Print exactly the lines of the listing below from the one containing "Ceramic tile religious" through the final line, both included, and no pictures.

Collected material
....

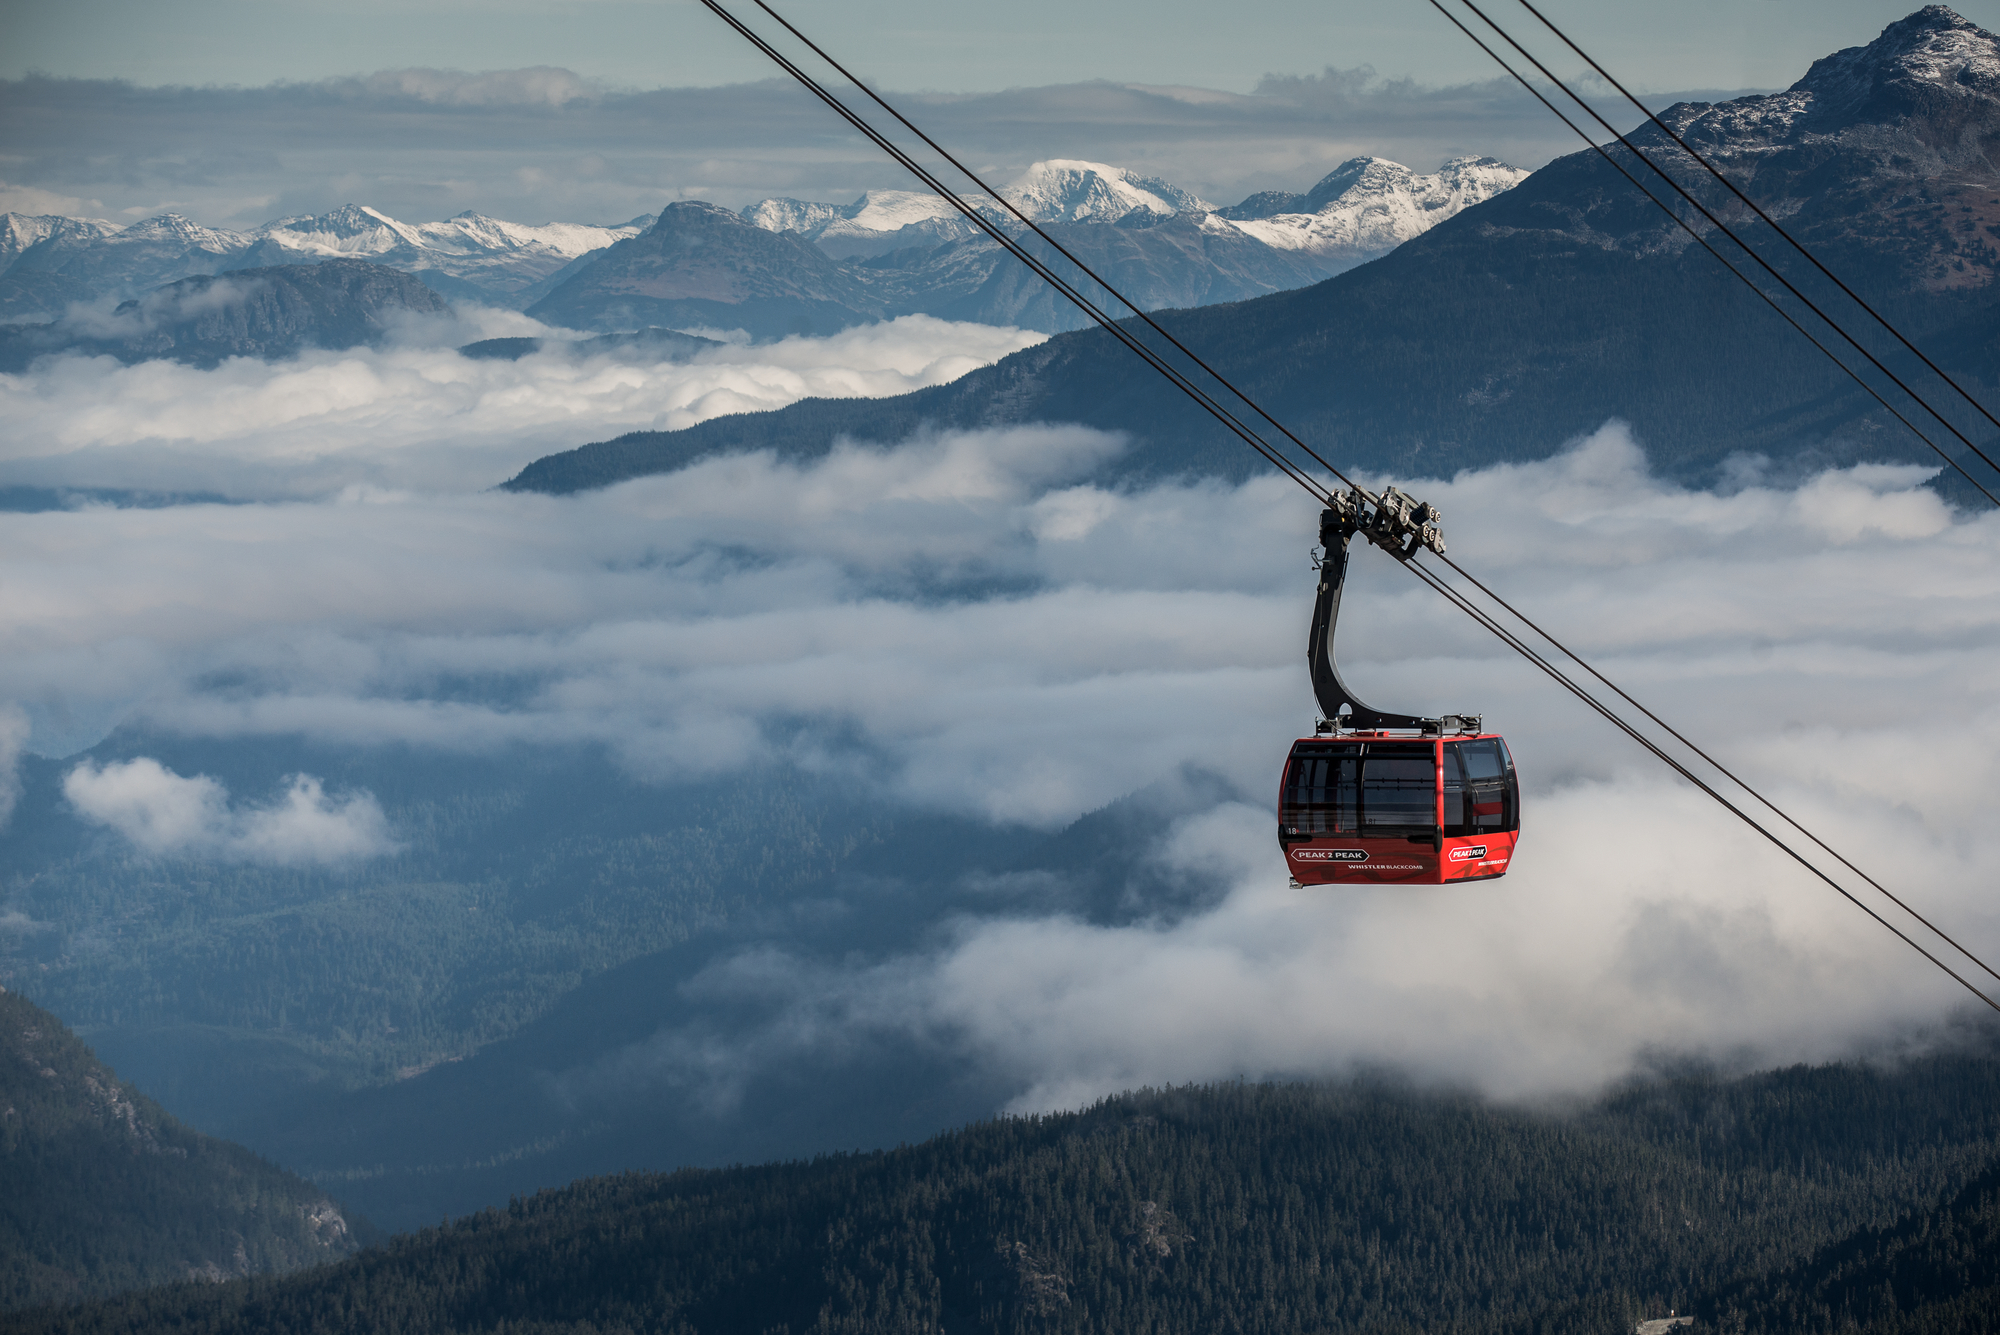 The red Peak to Peak Gondola in Whistler rising above the clouds on the gondola line.
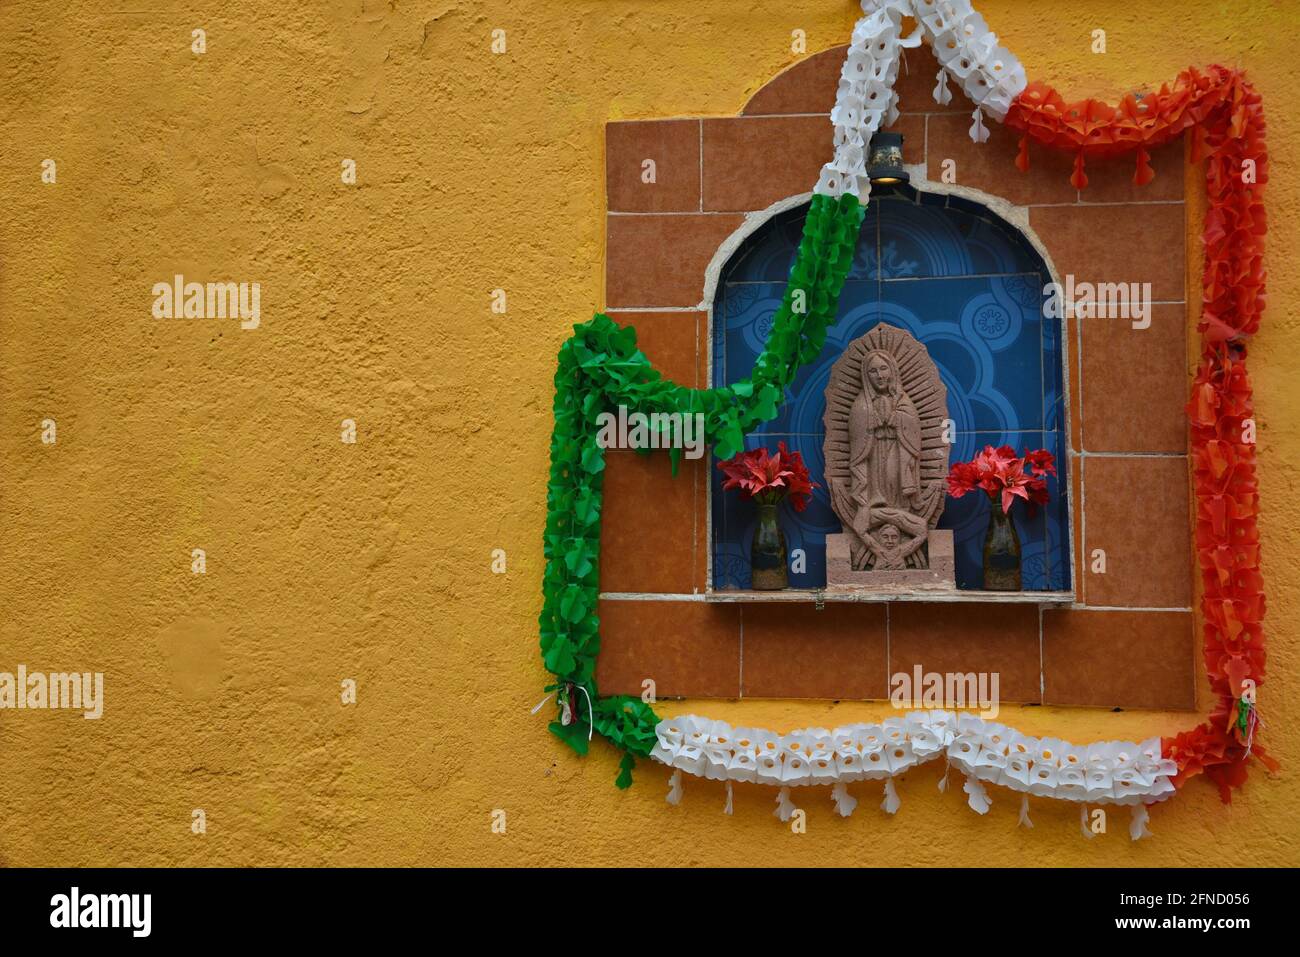 Ceramic tile religious icon decorated with a Mexican flag colors garland on an ochre stucco wall in the ghost town of Real de Catorce, Mexico. Stock Photo
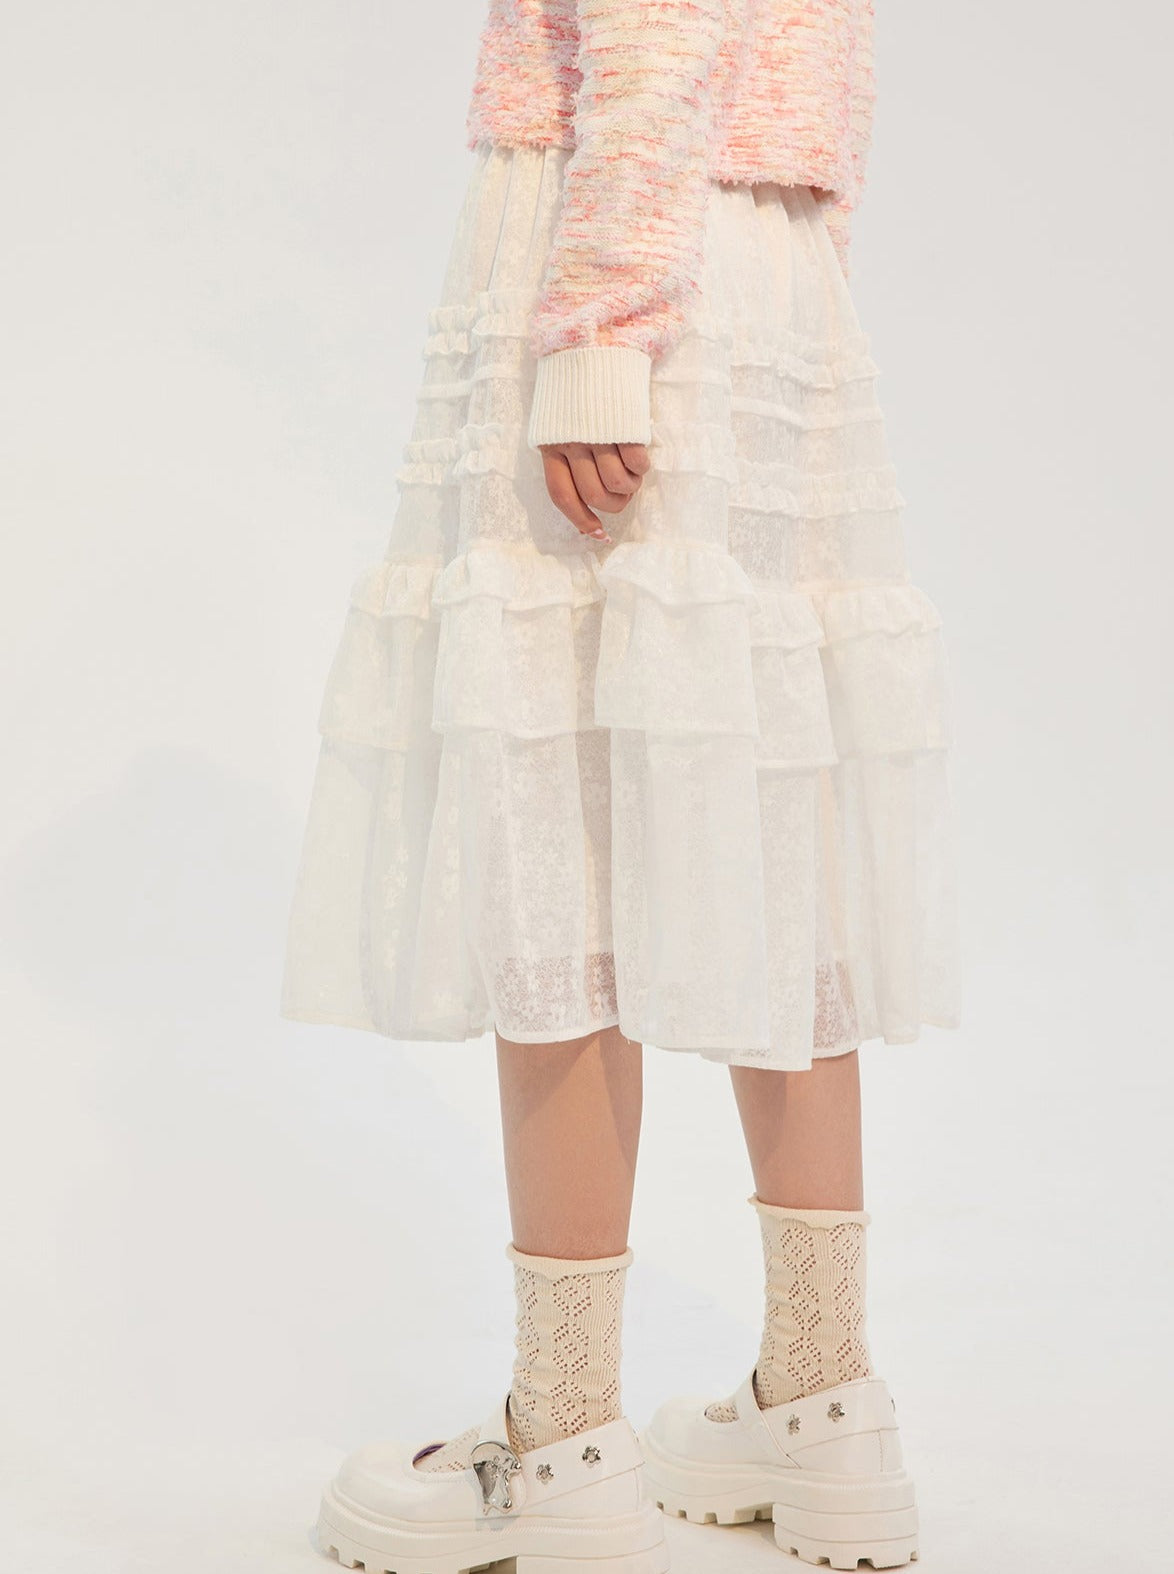 French Pastoral Lace Ruffle Skirt

....

Written solution
 Ceramic tile religious icon decorated with a Mexican flag colors garland on an ochre stucco wall in the ghost town of Real de Catorce, Mexico. Stock Photo
 French Pastoral Lace Ruffle Skirt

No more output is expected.